AIM OF THE EXERCISE :: Every line from the start of the records below to the line containing "sø - Bozkovské huler" should be retyped exactly, that line included, and no others.

Collected data entries ::
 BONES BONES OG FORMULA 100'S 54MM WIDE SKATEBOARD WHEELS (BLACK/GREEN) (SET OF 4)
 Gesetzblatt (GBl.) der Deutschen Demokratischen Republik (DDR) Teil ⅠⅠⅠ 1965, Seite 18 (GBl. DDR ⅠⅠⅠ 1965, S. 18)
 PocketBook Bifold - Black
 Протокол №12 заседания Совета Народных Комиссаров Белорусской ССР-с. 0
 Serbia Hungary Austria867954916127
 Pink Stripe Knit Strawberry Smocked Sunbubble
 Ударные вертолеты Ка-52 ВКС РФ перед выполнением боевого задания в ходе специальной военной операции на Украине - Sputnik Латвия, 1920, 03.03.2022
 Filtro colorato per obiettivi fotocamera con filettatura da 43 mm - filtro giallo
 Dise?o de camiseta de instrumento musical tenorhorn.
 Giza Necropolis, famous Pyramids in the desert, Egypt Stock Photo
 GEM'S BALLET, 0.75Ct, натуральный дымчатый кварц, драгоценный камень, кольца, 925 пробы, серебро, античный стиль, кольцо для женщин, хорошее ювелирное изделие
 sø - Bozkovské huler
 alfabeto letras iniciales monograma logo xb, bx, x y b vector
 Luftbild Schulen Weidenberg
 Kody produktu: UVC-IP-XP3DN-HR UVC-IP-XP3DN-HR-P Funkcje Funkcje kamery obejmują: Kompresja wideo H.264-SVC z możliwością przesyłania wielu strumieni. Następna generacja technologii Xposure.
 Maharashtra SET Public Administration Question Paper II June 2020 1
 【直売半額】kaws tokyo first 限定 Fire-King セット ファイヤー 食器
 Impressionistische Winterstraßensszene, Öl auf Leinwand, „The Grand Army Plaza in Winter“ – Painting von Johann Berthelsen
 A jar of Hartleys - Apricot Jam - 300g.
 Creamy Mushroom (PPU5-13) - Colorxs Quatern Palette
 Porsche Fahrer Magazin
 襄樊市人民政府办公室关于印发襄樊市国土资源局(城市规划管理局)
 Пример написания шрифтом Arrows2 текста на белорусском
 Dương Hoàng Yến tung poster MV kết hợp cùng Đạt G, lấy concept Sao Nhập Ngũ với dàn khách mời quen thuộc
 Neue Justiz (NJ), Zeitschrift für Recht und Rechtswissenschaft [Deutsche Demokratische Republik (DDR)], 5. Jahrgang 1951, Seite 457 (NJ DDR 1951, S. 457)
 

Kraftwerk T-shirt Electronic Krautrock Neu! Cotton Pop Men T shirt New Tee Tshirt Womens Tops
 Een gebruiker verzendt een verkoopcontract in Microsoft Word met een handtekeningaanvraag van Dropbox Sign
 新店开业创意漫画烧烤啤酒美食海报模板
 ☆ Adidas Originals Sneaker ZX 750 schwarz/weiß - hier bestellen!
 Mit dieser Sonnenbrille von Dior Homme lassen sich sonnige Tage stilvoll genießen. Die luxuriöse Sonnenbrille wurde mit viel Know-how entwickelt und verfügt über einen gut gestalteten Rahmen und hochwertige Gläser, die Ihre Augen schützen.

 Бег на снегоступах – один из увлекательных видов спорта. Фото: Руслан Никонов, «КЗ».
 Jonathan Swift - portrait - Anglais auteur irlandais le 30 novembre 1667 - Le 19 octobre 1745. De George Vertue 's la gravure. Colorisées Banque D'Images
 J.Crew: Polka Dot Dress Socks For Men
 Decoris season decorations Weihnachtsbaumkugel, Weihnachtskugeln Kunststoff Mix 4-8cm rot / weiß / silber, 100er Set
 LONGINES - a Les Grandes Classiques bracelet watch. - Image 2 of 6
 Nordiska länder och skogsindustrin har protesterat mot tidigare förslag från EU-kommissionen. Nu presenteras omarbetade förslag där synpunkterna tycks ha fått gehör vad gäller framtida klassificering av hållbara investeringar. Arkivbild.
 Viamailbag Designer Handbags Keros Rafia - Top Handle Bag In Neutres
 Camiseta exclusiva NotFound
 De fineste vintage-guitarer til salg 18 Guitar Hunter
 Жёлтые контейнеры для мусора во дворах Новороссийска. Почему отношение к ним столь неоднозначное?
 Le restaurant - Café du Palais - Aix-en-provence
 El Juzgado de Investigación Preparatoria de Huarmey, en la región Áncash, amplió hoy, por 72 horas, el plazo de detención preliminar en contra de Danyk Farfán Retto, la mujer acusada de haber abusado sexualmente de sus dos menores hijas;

TASK RESULT ::
 BONES BONES OG FORMULA 100'S 54MM WIDE SKATEBOARD WHEELS (BLACK/GREEN) (SET OF 4)
 Gesetzblatt (GBl.) der Deutschen Demokratischen Republik (DDR) Teil ⅠⅠⅠ 1965, Seite 18 (GBl. DDR ⅠⅠⅠ 1965, S. 18)
 PocketBook Bifold - Black
 Протокол №12 заседания Совета Народных Комиссаров Белорусской ССР-с. 0
 Serbia Hungary Austria867954916127
 Pink Stripe Knit Strawberry Smocked Sunbubble
 Ударные вертолеты Ка-52 ВКС РФ перед выполнением боевого задания в ходе специальной военной операции на Украине - Sputnik Латвия, 1920, 03.03.2022
 Filtro colorato per obiettivi fotocamera con filettatura da 43 mm - filtro giallo
 Dise?o de camiseta de instrumento musical tenorhorn.
 Giza Necropolis, famous Pyramids in the desert, Egypt Stock Photo
 GEM'S BALLET, 0.75Ct, натуральный дымчатый кварц, драгоценный камень, кольца, 925 пробы, серебро, античный стиль, кольцо для женщин, хорошее ювелирное изделие
 sø - Bozkovské huler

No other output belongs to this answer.